WASP: Exploiting GPU Pipeline Parallelism with Hardware-Accelerated Automatic Warp Specialization

based on the conversation with chatGPT

TL;DR. WASP co-designs hardware and an automatic compiler pass to turn alternating “memory/compute phases” in GPU kernels into concurrent pipeline stages (e.g., dedicated memory-stage warps feeding compute-stage warps). It adds stage-aware scheduling/mapping, per-stage register allocation, fast register-file queues (RFQs), and a small TMA-like offload for streaming/gather. Reported gains are ~1.47× geomean with modest HW cost, mainly by overlapping memory and compute and cutting software queue overheads.

1) Problem the paper tackles

Modern GPUs can’t always hide memory latency: many kernels execute in lockstep phases (“load tile → compute → load tile …”), so all resident warps often stall together on memory or synchronization. Manual warp specialization exists but is brittle and invisible to the hardware.

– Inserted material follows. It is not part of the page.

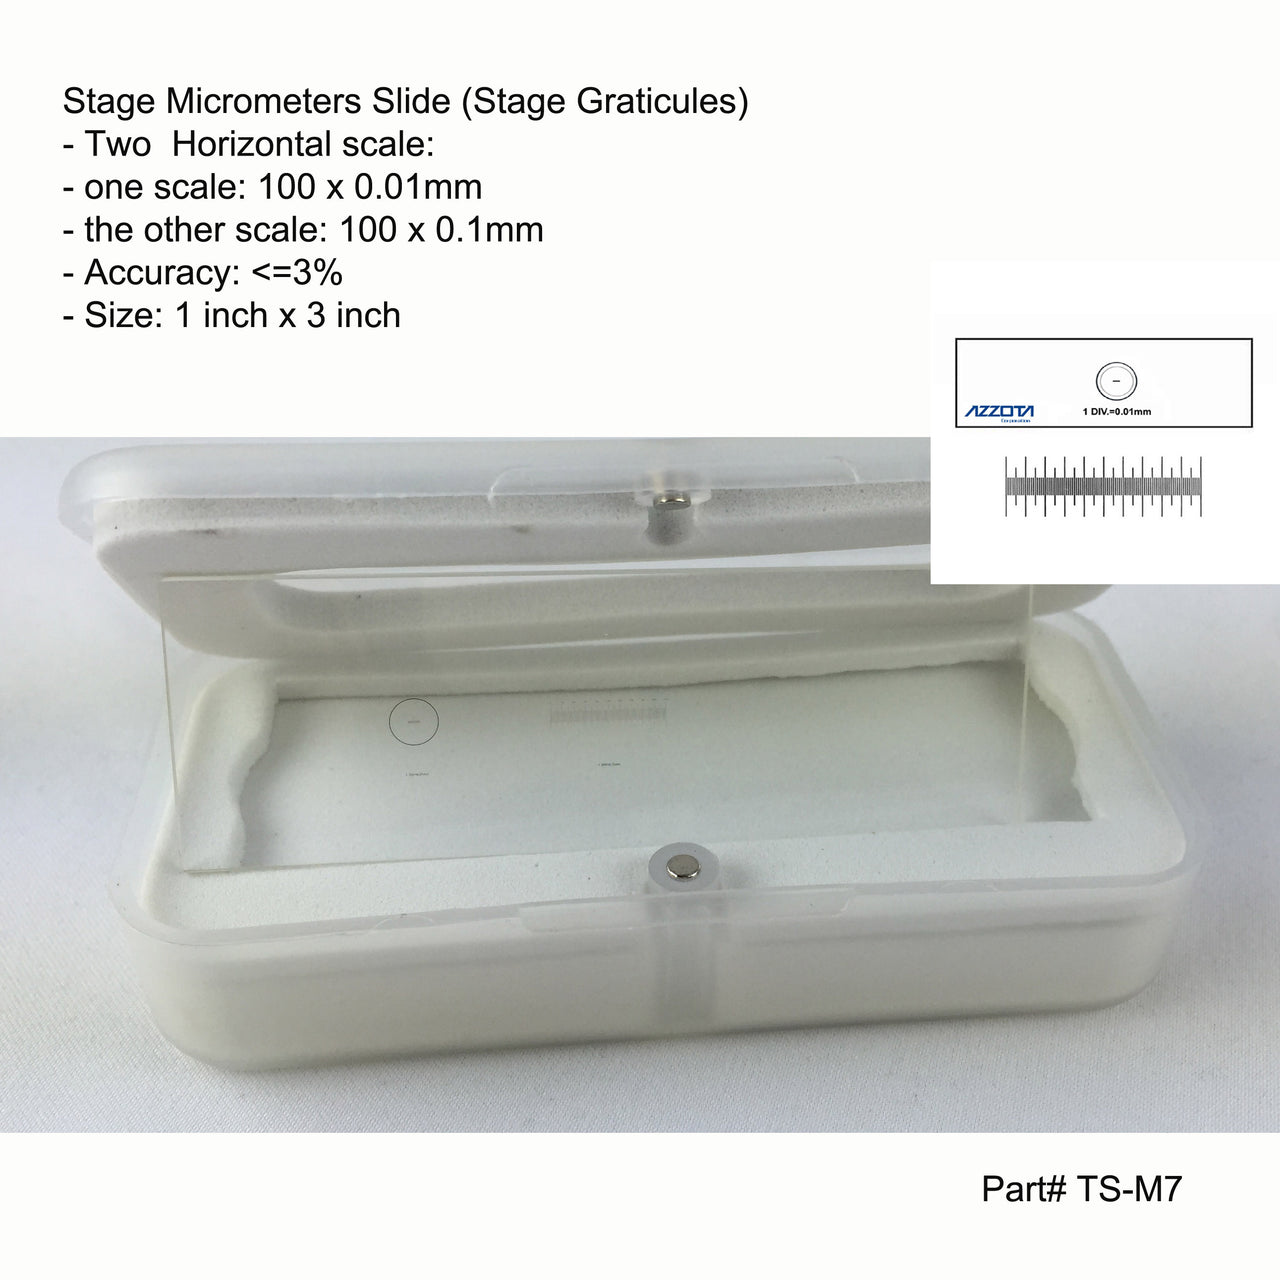 TS-M7 Stage Micrometers Slide

Typical way of hiding the memory latency using the other warps

Even though current GPU can hide the memory access latency with other warps reside in warp registers, this only can be applicable with manual splitting of original waprs into stage 0 and stage 1.

Fig. 1(a) can be turned into Fig. 1(b) on today’s GPUs by manually doing warp specialization: you program one warp as a producer (global→SMEM tile moves) and another as a consumer (compute from SMEM), coordinate them with arrive/wait barriers, and double-buffer the SMEM tiles so the baseline scheduler can interleave the two warps. This split is a known, manual technique on current GPUs, not WASP itself.

2) Core idea in one sentence

Make warp specialization first-class: automatically split kernels into pipeline stages (often memory producer and compute consumer) and give the SM stage awareness (IDs, scheduling, mapping, registers, queues, and a data-movement offload) so memory and compute overlap reliably.

3) Main mechanisms

3.1 Compiler (who does the split)

Automatic partitioning. A compiler pass analyzes the program dependence graph and cuts at global-memory load/use boundaries, producing stage code and metadata.